By Sunny A. David, Awka
The end may have come for the age-long Osu Caste System in Igbo Land.
One may also choose to call it Ohu, but for once, the Igbo race united to abolish the system and practice which has adverse consequences.
The palace of the traditional ruler of Nri, Eze Obidiegwu Onyesoh surged with children of Igbo descent from the five eastern states and other Igbo speaking areas in the Country to engage final push to the end of the practice.
The Osu Caste system has its origin traced to the Nri Kingdom, believed to possess the hereditary power and thus do go about cleansing various kingdoms of abomination where communities that refuses to be cleansed are called Osus.
Osu victims, fondly called outcasts, traditional rulers including the Regent of Nri Kingdom, Eze Obidiegwu Onyesoh, Igwe Charles Anyasi of Idumuje Kingdom, the clergy, among others graced the occasion.
First was the abolition prayer by Bishop Chukwuka, closely followed by prayer of atonement by the State Chairman of the Pentecostal Fellowship of Nigeria, Bishop Moses Ezedebego who described the practice as obnoxious and not acceptable to God and even humans.
Next was renunciation on behalf of the Igbo race by Joseph Okwuchukwu, the Convener of the event, after which an Osu victim, Ibezim Onyekaonwu from Nneato Isuochi accepted the apology on behalf of the race.
The Regent of Nri, Eze Obidiegwu Onyesoh did the traditional atonement where he expressed optimism that the process is binding and sustainable all over the Igbo race as Nri is the head of the race in the world.

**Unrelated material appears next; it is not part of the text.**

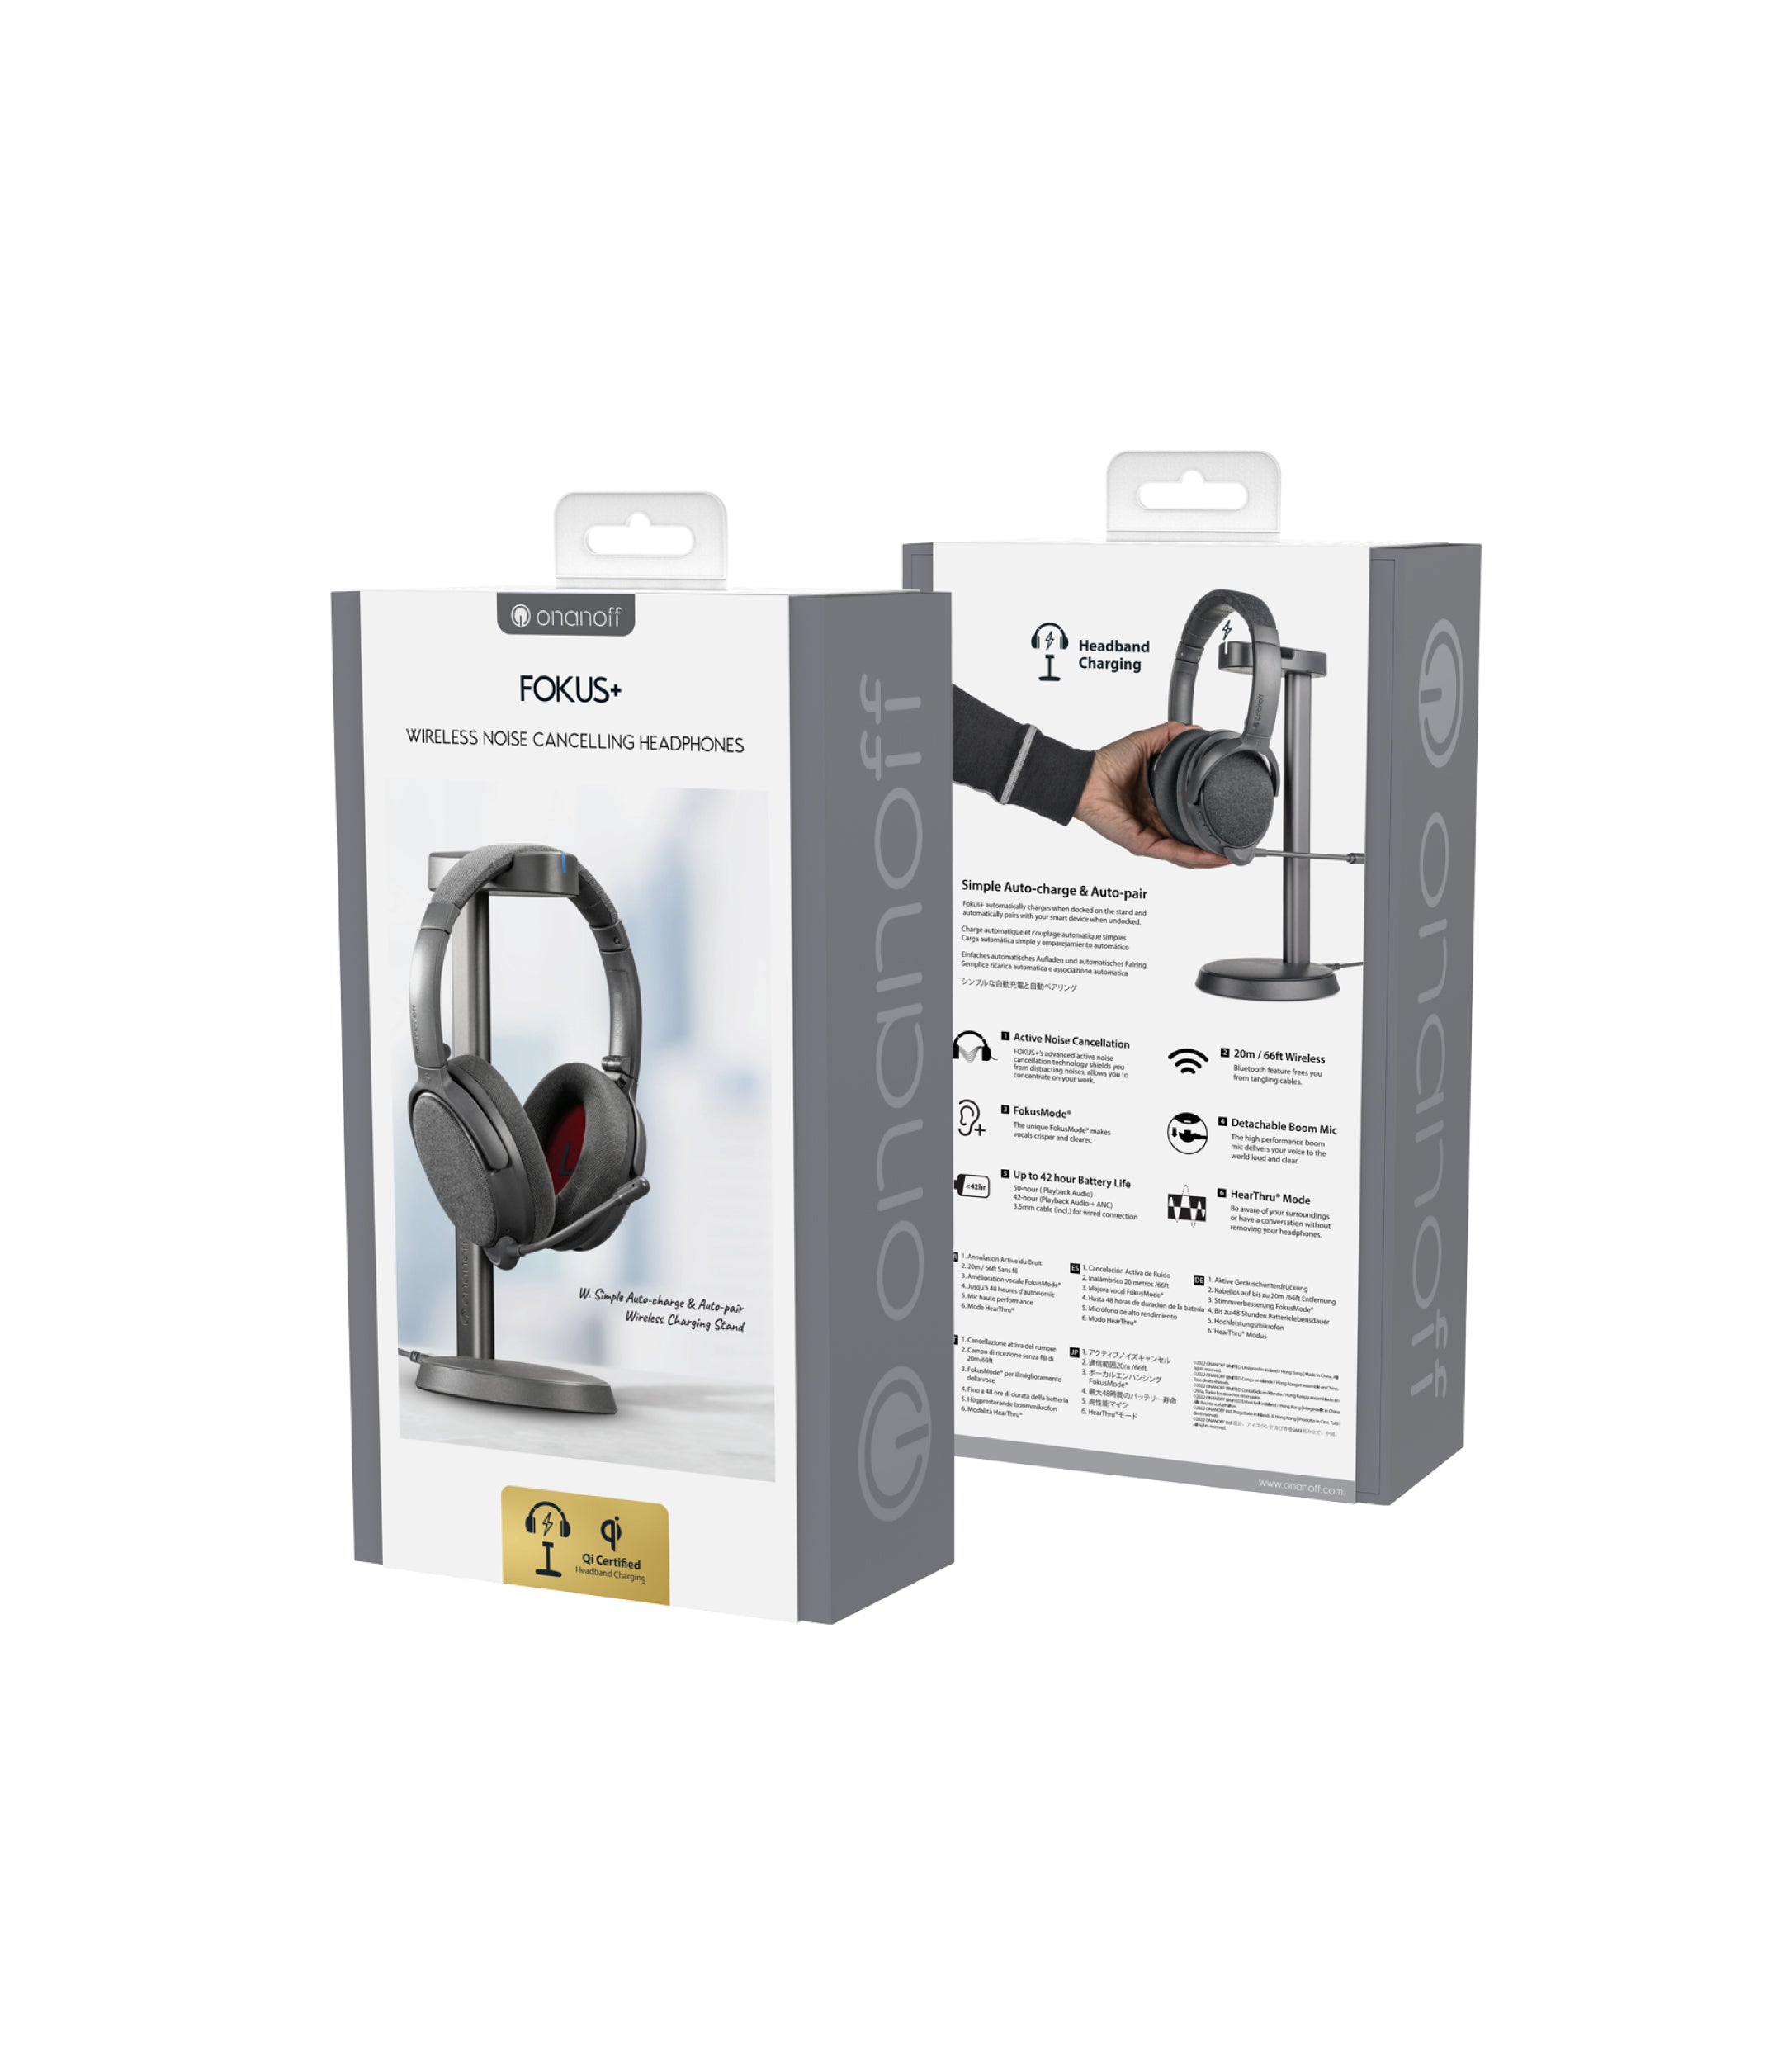 Fokus+ ANC Bluetooth Headphones with Wireless Charging Stand – onanoff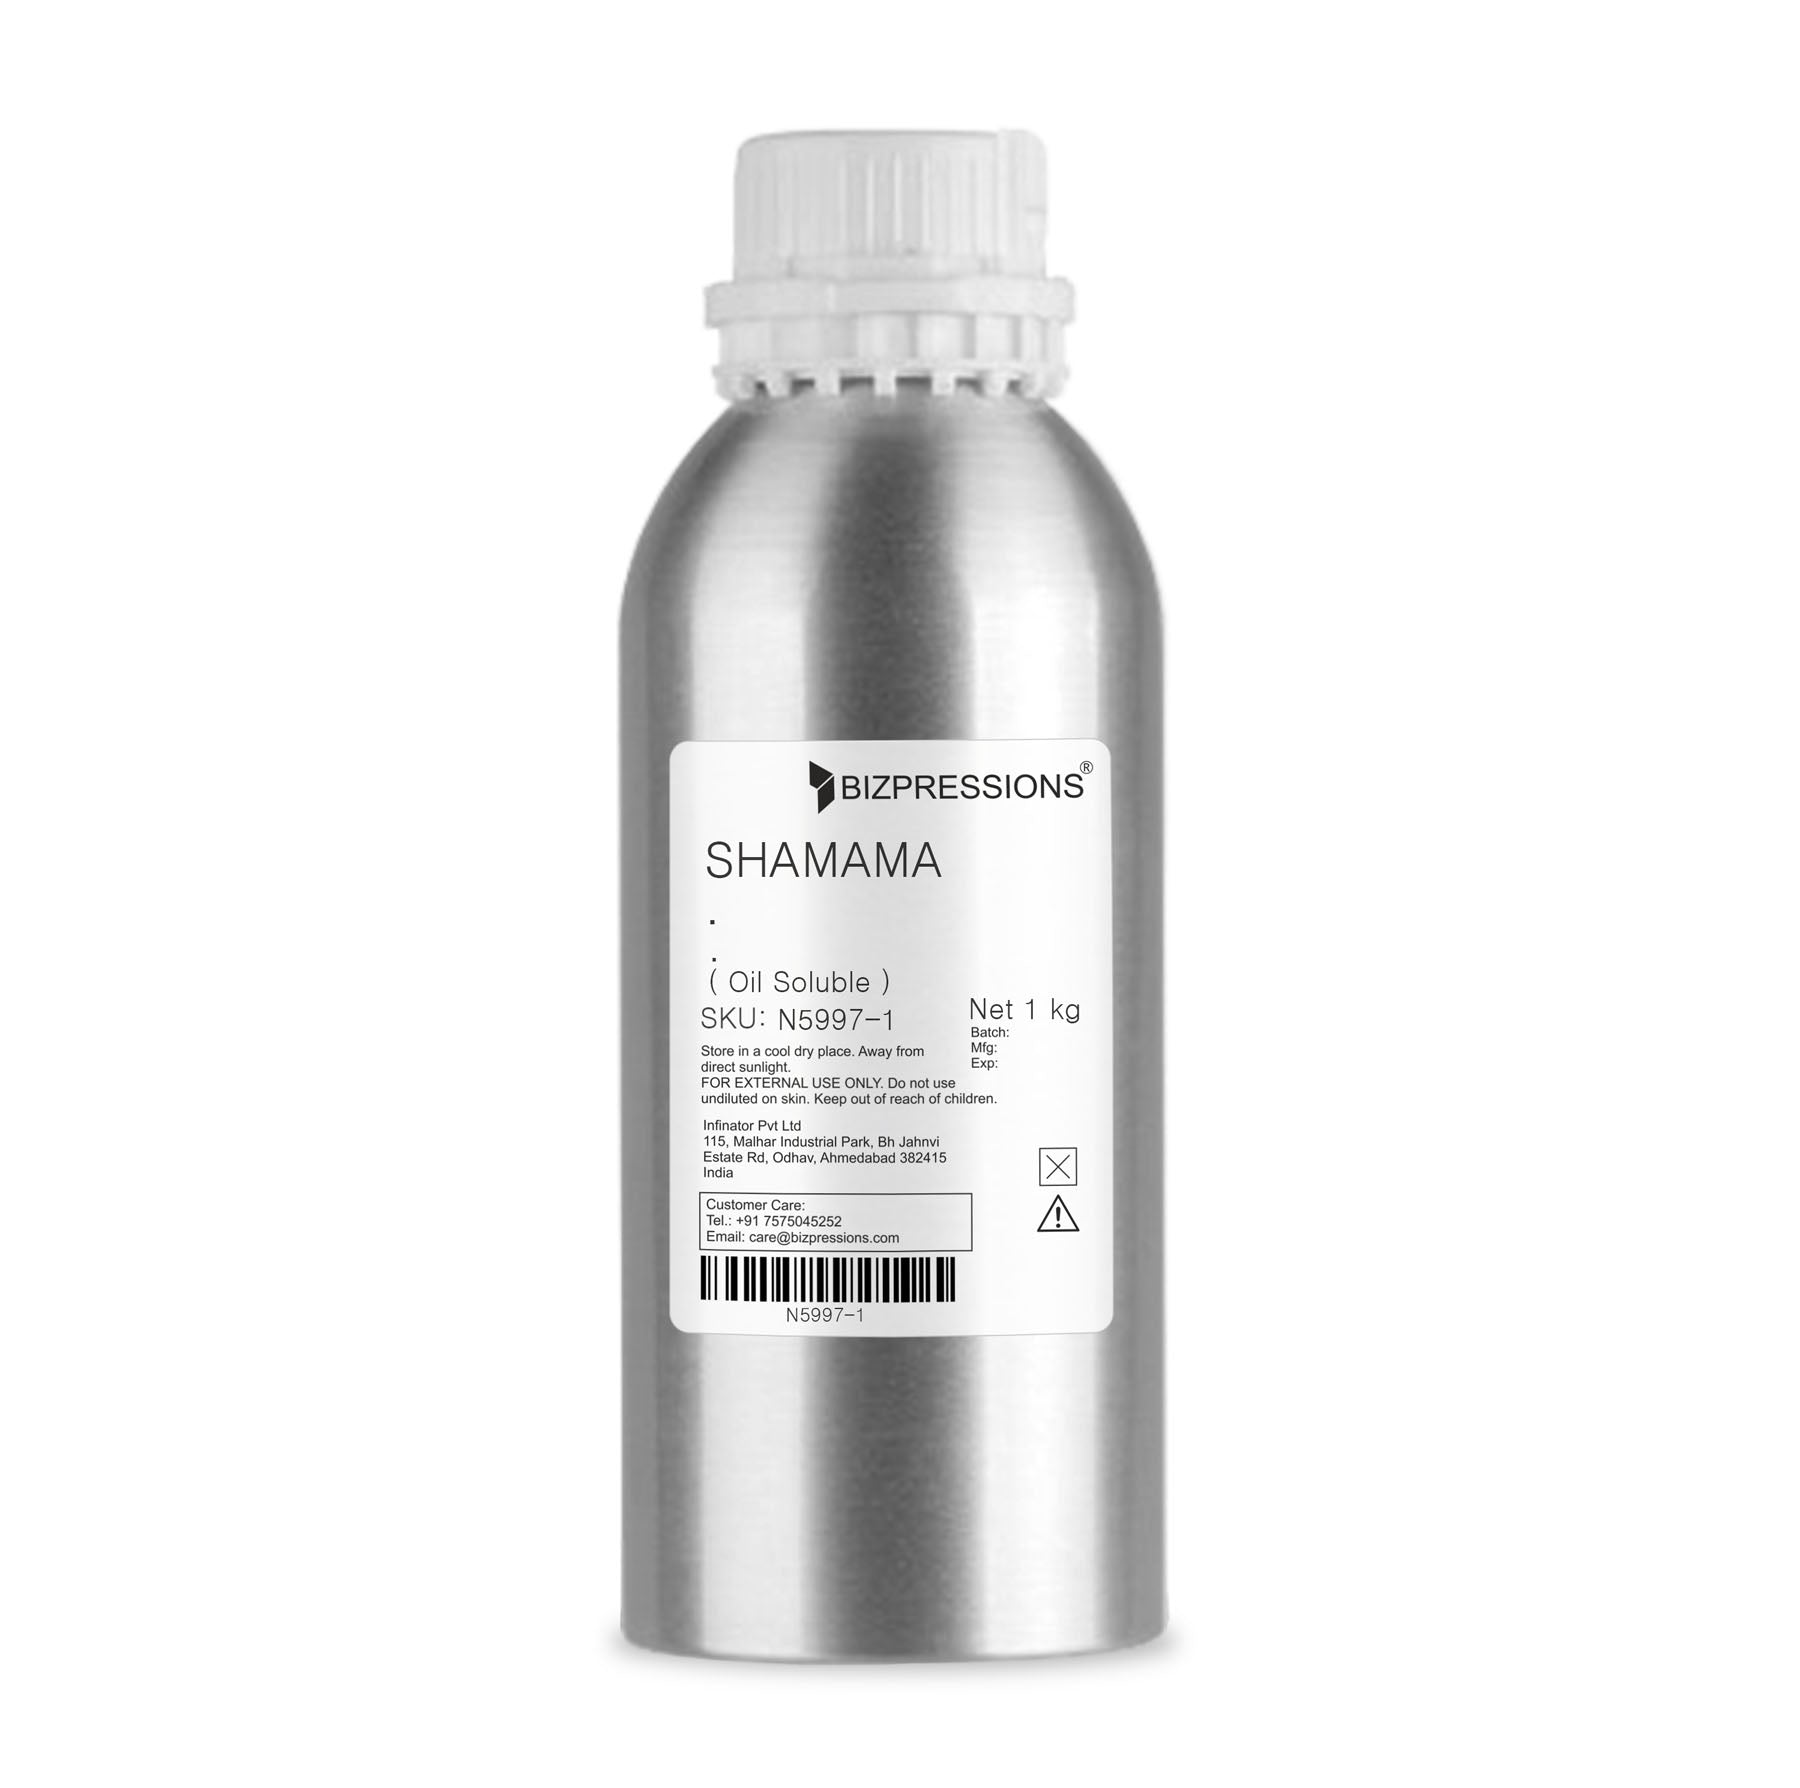 SHAMAMA - Fragrance ( Oil Soluble ) - 1 kg

Mr Stephen Jideofor of Akwanne-ato in Umunochi Local Government Area of Abia State and Miss Chinenye Agunenye narrated how the practice has set them back in life, calling on ndi Igbo who still segregate and marginalize their brethren on account of the Osu practice, to desist.
Paper presentations and remarks traced the history and condemned the practice in Igbo land.
The Nri Regent, Eze Onyesoh danced the abia and traditional Ufie music, joined by ndi Igbo in celebration and consummation of the atonement.
The Osu Caste System is an ancient practice in Igbo land that discourages social interaction and marriage with a group of people, referred to as Osu or outcasts.
This is because they dedicate these Osu people to the Alusi or deities and are thus seen as inferior to the Nwadiala or free-borns.
The abolition of these practices at the ancient kingdom of Nri, in Anambra State may be seen worldwide as the most robust effort until now, to summarily abolish the divisive practices.